Из кухни послышались приглушённые голоса:
- Да пусти, кому говорят!
- Спит! Понимаешь?
Донеслись шорох, возня. Дверь вдруг распахнулась, и в горницу вбежала взволнованная женщина.
Торопливо прикрывшись одеялом, Василий Иванович с тревогой взглянул на неё.
Увидев Чапаева, женщина закричала:
- Товарищ Чапаев! Я им говорю - нельзя, а они одно своё: тащут... Я их по башкам, а они опять тащут! Осатанели совсем. Помогите, товарищ Чапаев!
- Что такое случилось? Кто и чего тащит? - спросил он.
- Да мужики наши.

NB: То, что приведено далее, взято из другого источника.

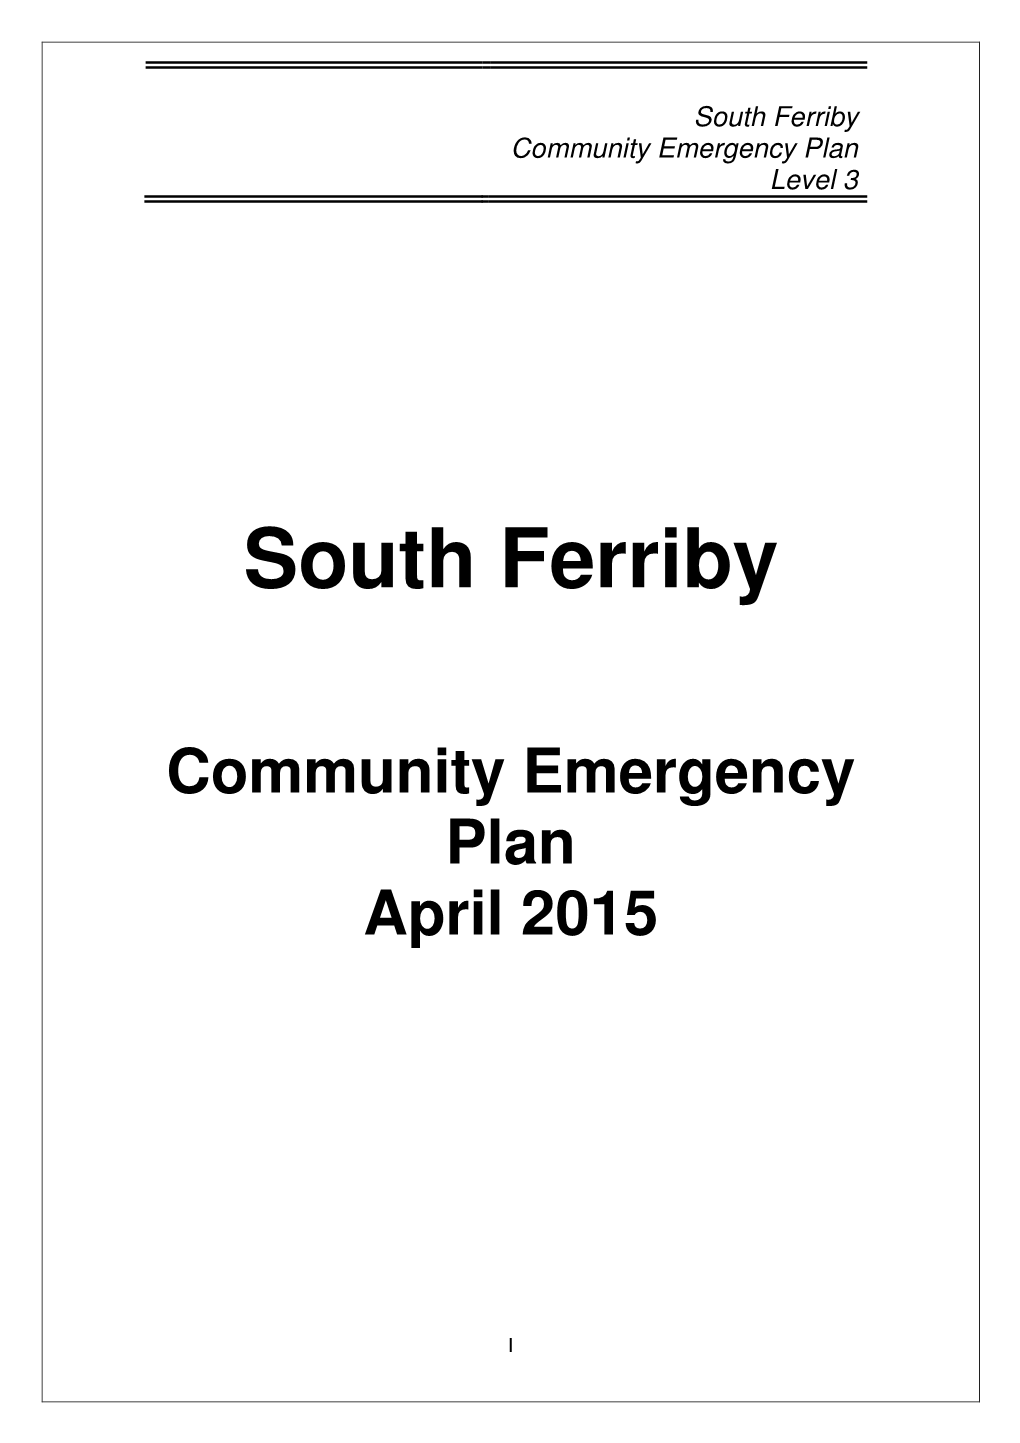 South Ferriby Parish Council • Kate Smith, South Ferriby Post Office • the Original Electronic Version of This Plan Is Kept With

Музыку хотят из купеческого дома вытащить и разбить. Она, чай, дорогая, может спонадобиться...
* * *
Женщина бежала впереди, Чапаев еле поспевал за ней. В шатровый дом купца Пантелеева они вошли никем не замеченные.
У растворенной двери зала Василий Иванович остановился.
Трое крестьян пытались вытащить из комнаты пианино. Они обливались потом, пыхтели, ругались. Всех больше суетился кряжистый, невысокий бородач, очень подвижный и сильный.
Тяжёлое, поблёскивающее лаком пианино застряло в дверях, точно глыба чёрного мрамора.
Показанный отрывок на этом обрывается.